# How can I block an entrance off?



## HSLand (Feb 6, 2012)

There's an entrance into my living room that I'd like to block off. I don't think I have the option to put a door up, that's a bit too drastic for this situation. When you walk into my living room, you're met with two edges from other walls in my home. Like, usually when you walk into a doorway you can put your hands out to the side and they'll hit the walls flat. But this entrance has corners sticking out at you, so that complicates things.

The entrance is about 5 feet or so wide and I need to find a way to block this up, but provide a way for me to get inside when I need to. I have a small recording studio in my living room and need to keep my cats out at all times. I actually bought a gate with a little locking swing door a few feet high, but my cats jump over it 

Does anyone have any solutions that aren't as drastic as putting up an entire door with new drywall etc? Even if it's something seemingly ghetto, I'd consider it if it means I'll be able to block up the entrance and enter it whenever I need to.


----------



## joecaption (Nov 30, 2011)

I've got to be missing something. This post makes 0 since since to me.
Want a door, do not not want a door. Make a choise.


----------



## HSLand (Feb 6, 2012)

I just re-read my post 3 times in a row, and I never mentioned that I wanted a door. The topic title is 'how to block an entrance off'. In the post I mentioned that I'd rather not put up a door, and would rather 'block' it off somehow, but still provide a way to get in and out. You know, some kind of homebrew gate/fence or something.


----------



## picflight (Aug 25, 2011)

If you block it, how will you get in or out?

Get rid of the cats.


----------



## Jay 78 (Mar 2, 2011)

Post a picture.


----------



## joed (Mar 13, 2005)

If you want to black an entrance you either want a door or you want to drywall it up permanent, but you don't want either one. I don't get what you are trying to achieve. Maybe moat would keep the cats out.


----------



## user1007 (Sep 23, 2009)

Your post is confusing and a pic or quick floorplan sketch would help. I mention Sweet Home 3D for this because it is free. I am not trying to hype it but it is nice for floorplans.
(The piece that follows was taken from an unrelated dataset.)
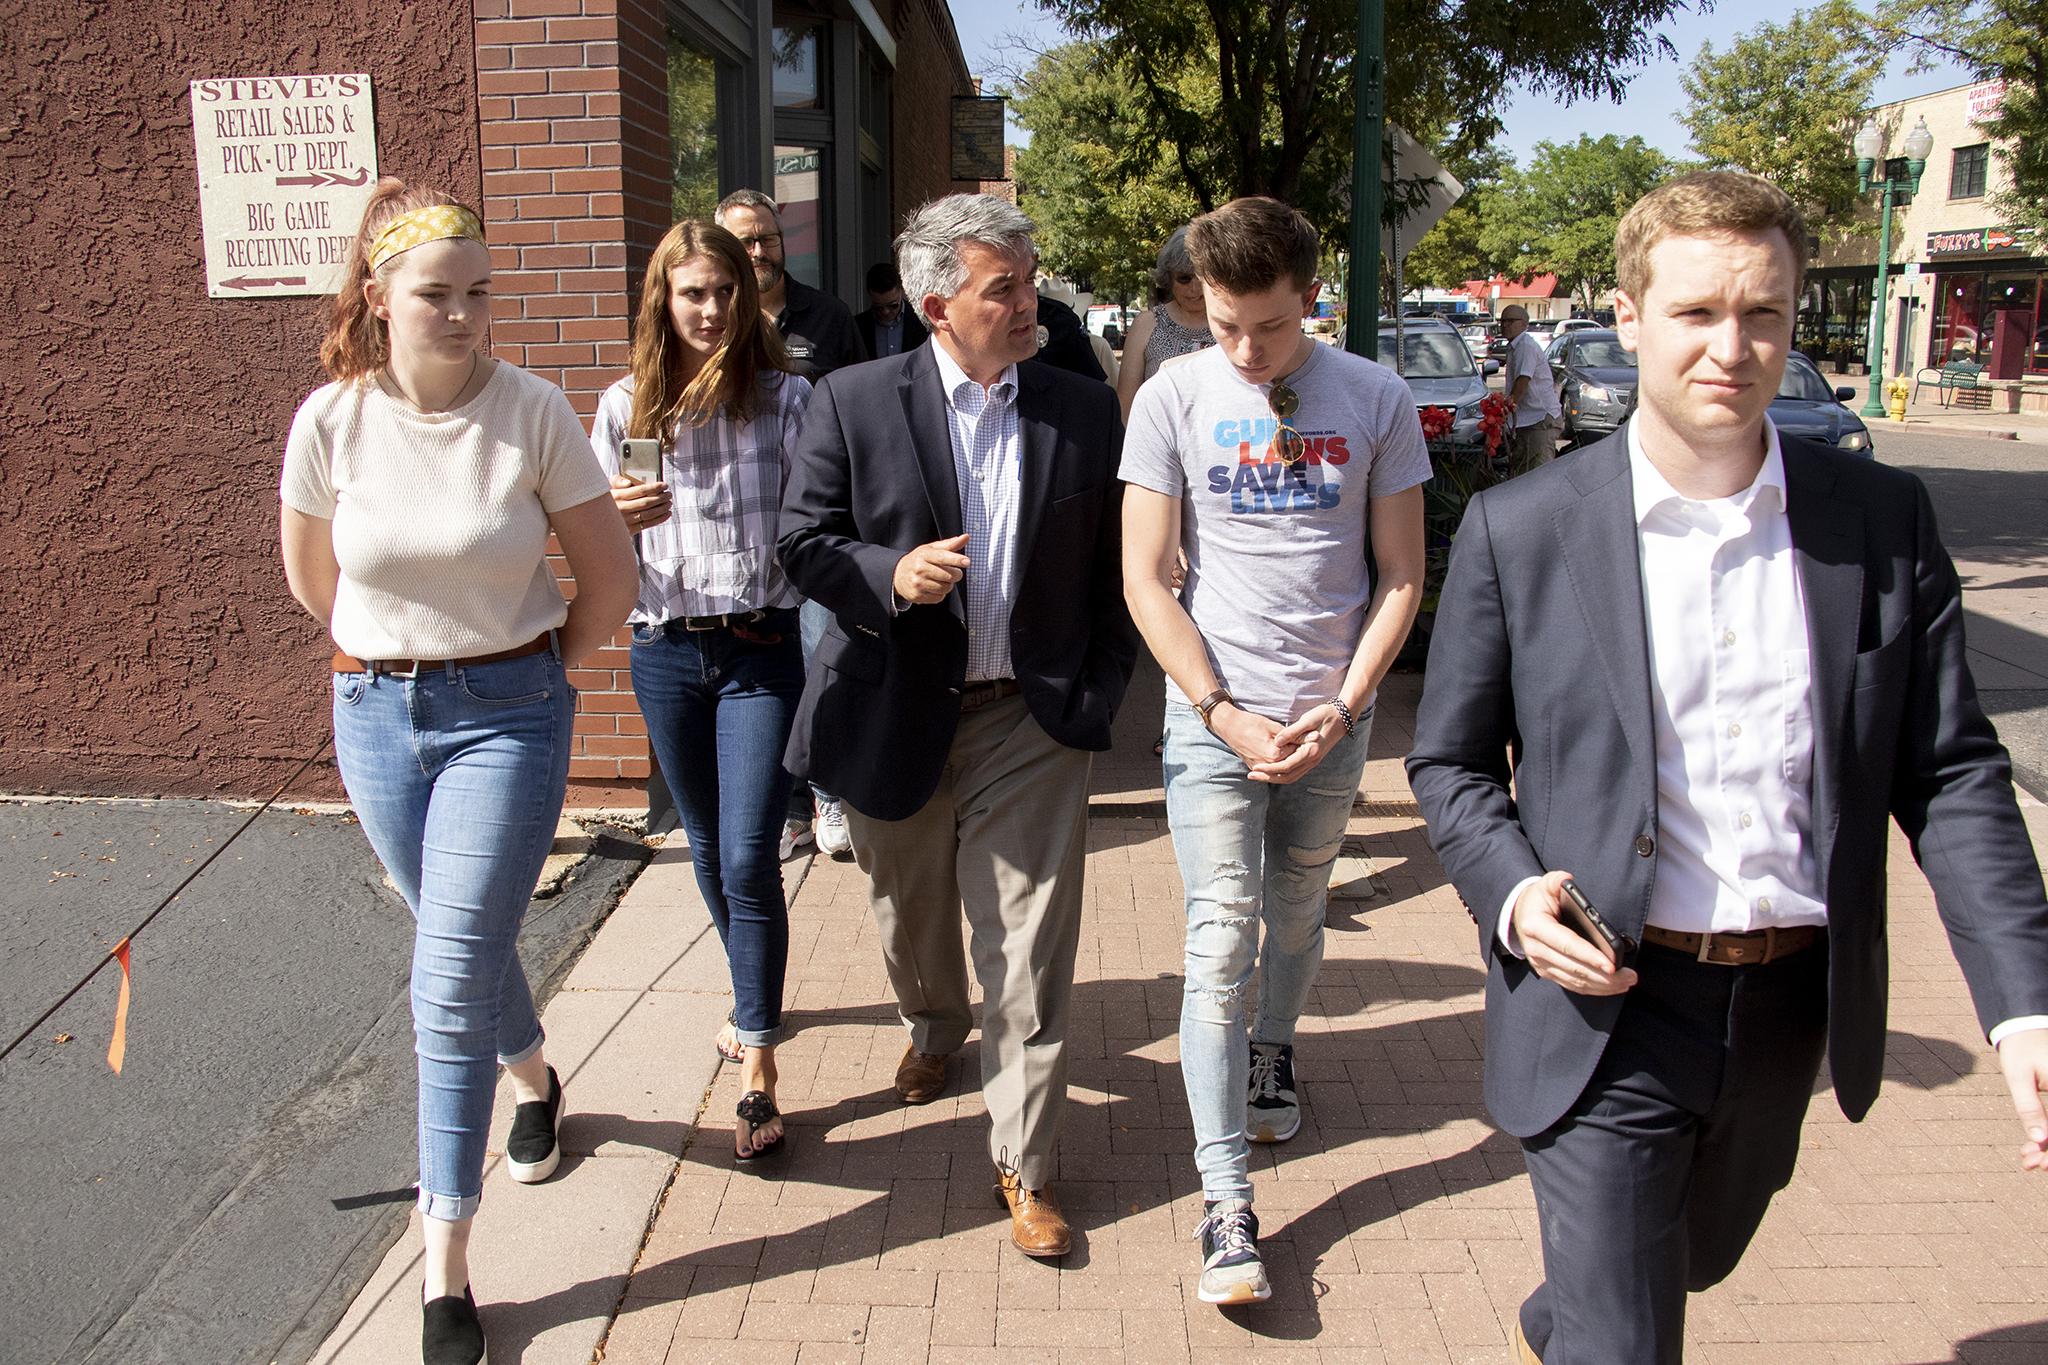 Sen. Cory Gardner visits Arvada, Aug. 13, 2019. (Kevin J. Beaty/Denverite)

If I get it, you want ingress/egress for yourself but want to keep your savage beasts out?

I don't do ghetto solutions but seems like some sort of floor to ceiling elastic netting you could stretch across the opening would work. Stuff like they hold containers on UPS and FedEx Planes? They are tacky but what about an accordian folding door you would not have to frame? 

I will warn you, my cats loved any attempts other than real doors at keeping them out of spaces. I swear they smiled and and just laughed at most designed by visitors. The former work study students who worked diligently for me came up with this brilliant barricade to the sleeping loft where the were staying. Spikezilla and Gufus von Dufus defeated the construction in seconds. 

Is this your place or do you have lease and landlord issues?


----------



## CoconutPete (Jan 22, 2010)

So .. you want to close it off, but putting a door is too drastic?

Hmm ... a tapestry and a stapler? :thumbup:


----------